Different conditions necessitate a different style. Just as the game of the cloisters differed from the game of the playing fields in English public schools, so, in the tight, uneven, restricted spaces of the poorer areas of Buenos Aires and Montevideo, other skills developed and a new style was born: ‘a home-grown way of playing football,’ as Galeano put it, ‘like the home-grown way of dancing which was being invented in the
milonga
clubs. Dancers drew filigrees on a single floor tile, and football players created their own language in that tiny space where they chose to retain and possess the ball rather than kick it, as if their feet were hands braiding the leather. On the feet of the first Creole virtuosos,
el toque
, the touch, was born: the ball was strummed as if it were a guitar, a source of music.’

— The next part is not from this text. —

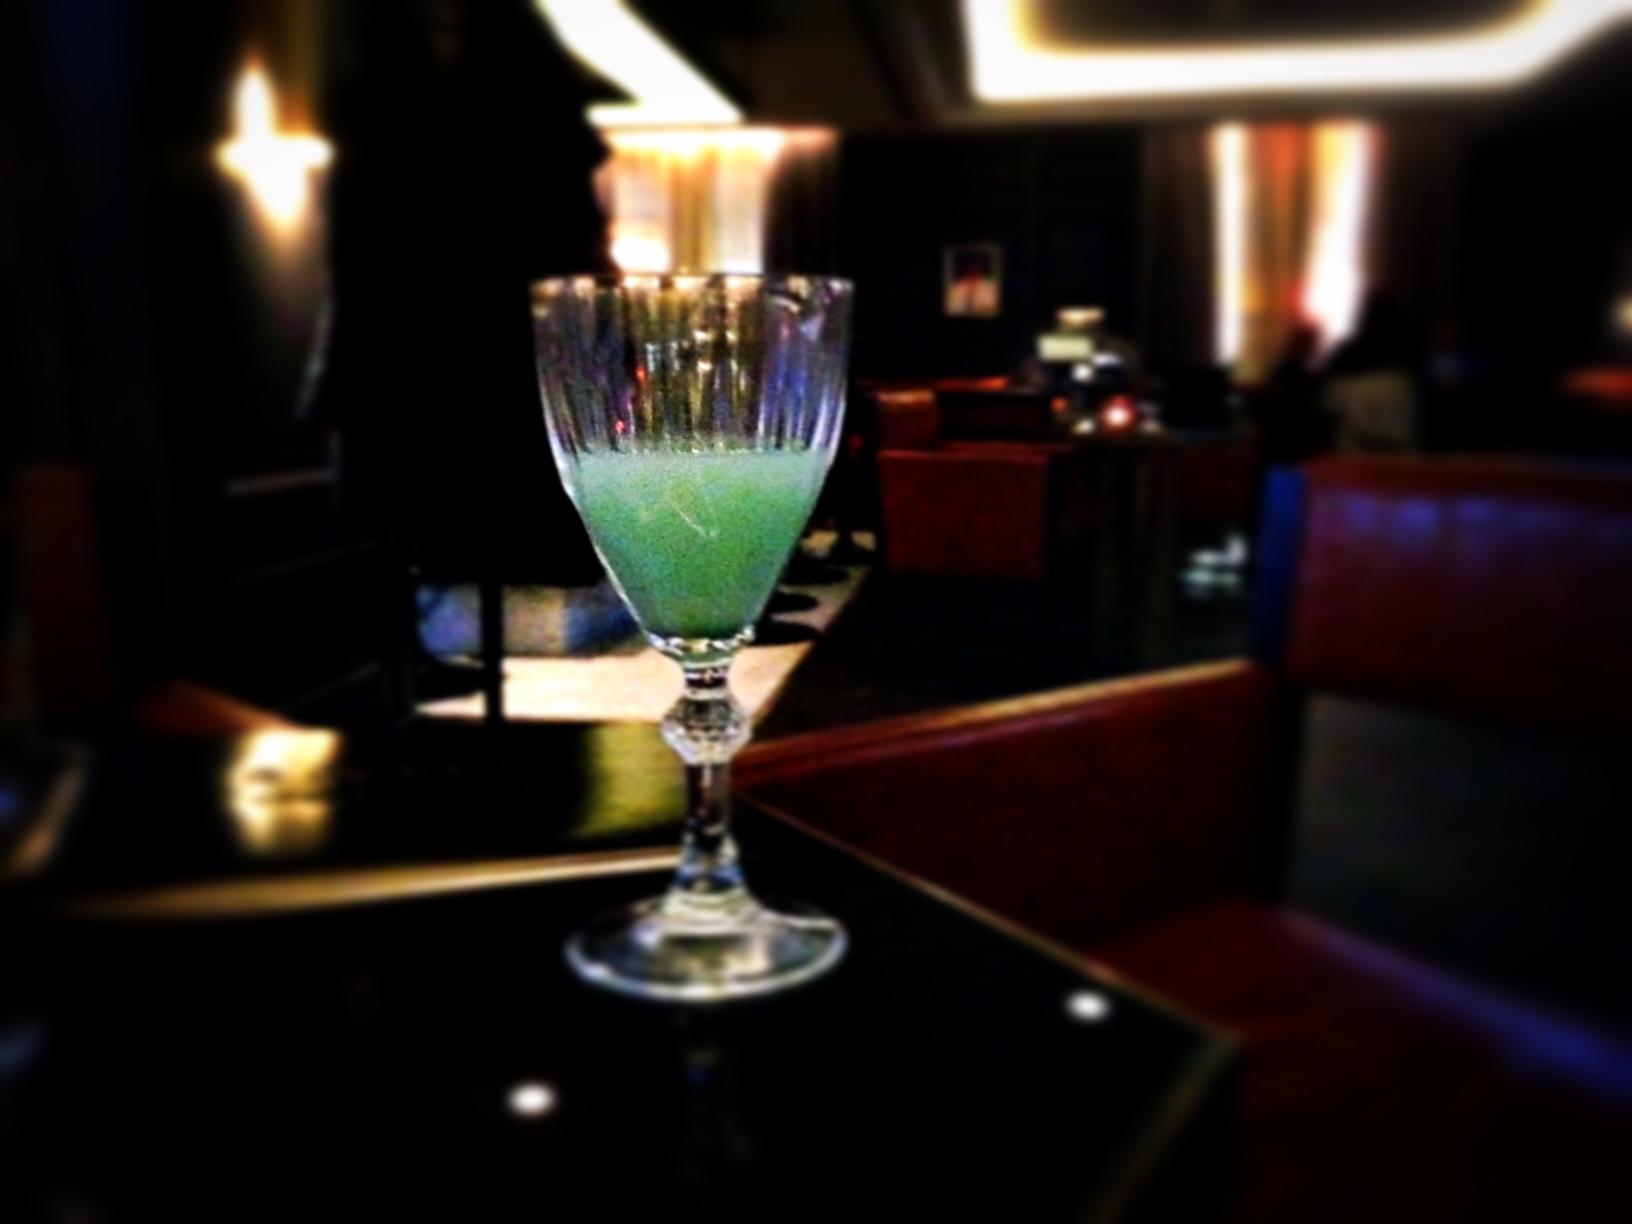 Hilton Plaza, Emile Bar & Brasserie - kekinwien.at

Prioritising different virtues, the two styles could not comfortably coexist, and so, inevitably, when old and new met, there was conflict. That was apparent as early as 1905, when the physicality of Nottingham Forest against a representative XI - made up largely of Anglo-Argentinians - in the sixth game of their tour led to considerable ill-feeling. The
Herald
, pro-British as ever, even felt moved to issue a magnificently grand rebuke to those who had dared to criticise Forest’s approach: ‘a game especially intended to improve the stamina and try the strength of young men in the prime of life is not necessarily a parlour game.’ Acrimony became a feature of subsequent tours, caused largely by a fundamental disagreement on the part the shoulder-charge had to play in the game.

Swindon Town’s tour of 1912 was one of the few that could be judged a success, and from that came a realisation that the British might perhaps have something to learn. Samuel Allen, the Swindon manager, was generally approving, saying he had seen no better football between amateur sides, but even he expressed a concern that local players ‘look on individual exploits as the main thing, and every time there was a chance to show clever work single-handed, it was taken’. Even traditionalists within Argentina were sceptical about the creolisation of the game. Jorge Brown, a former Alumni player of British origin, protested in the early 1920s that the new style of football ‘was weakened by an excess of passing close to the goal. It is a game that is more fine, perhaps more artistic, even apparently more intelligent, but it has lost its primitive enthusiasm.’ It was a criticism that would become increasingly familiar; until Hungary in 1953 settled the debate decisively at Wembley, Britain laboured under the delusion that the rest of the world suffered from a lack of directness in front of goal.

Nobody who watched Uruguay in the 1924 Olympics could have been so misguided. Argentina chose to stay at home, but Uruguay went to Paris and wrote one of the great stories of early football. Galeano has a tendency to over-romanticise, but his evident glee in his country’s gold medal is hard to begrudge. This was, first and foremost, a team of workers, including, among other professions, a meat-packer, a marble-cutter, a grocer and an ice-salesman. They travelled to Europe in steerage, and played to pay for their board, winning nine friendlies in Spain before they even reached France. Uruguay were the first Latin American side to tour Europe, but they attracted little attention - at least initially - only around 2,000 turning up to watch them eviscerate Yugoslavia 7-0 in their opening game in the Olympics.